E prefiro o "para" quando haja noção de razão / motivo ou de direção / aproximação não físicas. Talvez por analogia com por, pour, for, per...
Claro que minhas escolhas acabam contaminadas pelo que ouço mais frequentemente, como é o caso reportado acima por englishmania.


----------



## machadinho

@meencantesp, na boa, você sabe muito bem, como qualquer um de nós, quais desses usos são formais e quais são coloquiais, quais soam naturais e quais soam estranhos. O que realmente você quer saber?


----------



## guihenning

O meu uso é igual ao da englishmania (com exceção das formas com "vos") e nonstar no português escrito (nem sempre necessariamente formal), português falado relativamente formal ou nalgumas tentativas de escrita de literatura.

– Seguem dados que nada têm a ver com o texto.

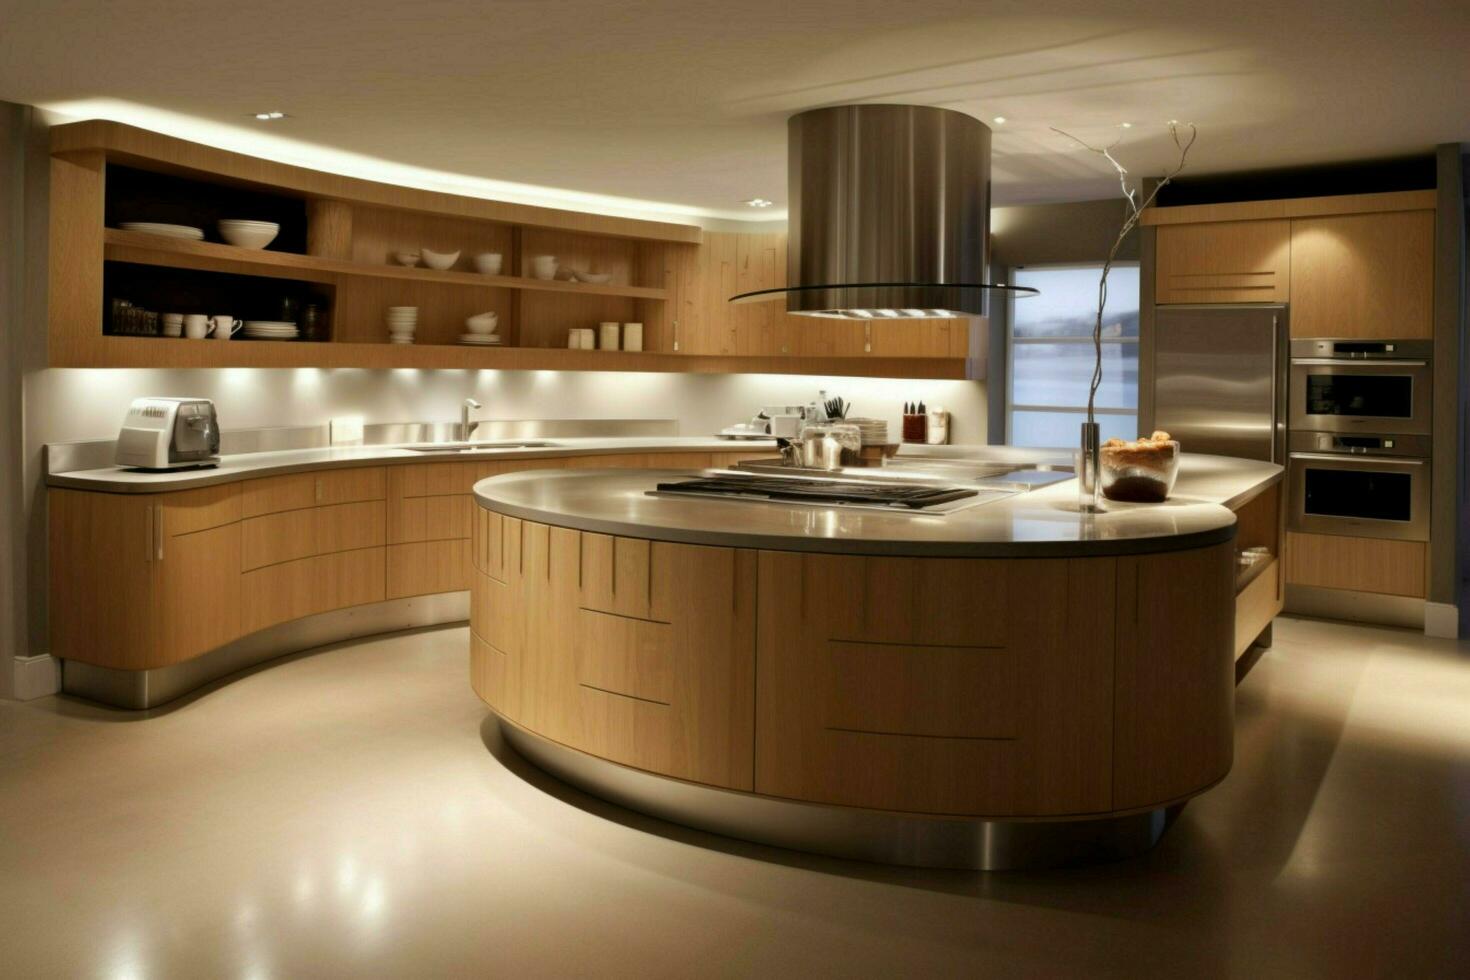 luxury domestic kitchen with elegant wooden design photo

No meu português "normal" digo normalmente "entregar para" e "prometer para", embora haja variação com as formas padrões com "a". Esse "bilinguismo" brasileiro é bastante comum, já que a maioria dos brasileiros médios mais ou menos escolarizados sabe que a variante padrão pede "a" quando normalmente se diz "para". Pelo menos são esses os dados que se obtém quando há pesquisas nessa área.


----------



## meencantesp

Obrigado por todas as respostas.



machadinho said:


> @meencantesp, na boa, você sabe muito bem, como qualquer um de nós, quais desses usos são formais e quais são coloquiais, quais soam naturais e quais soam estranhos. O que realmente você quer saber?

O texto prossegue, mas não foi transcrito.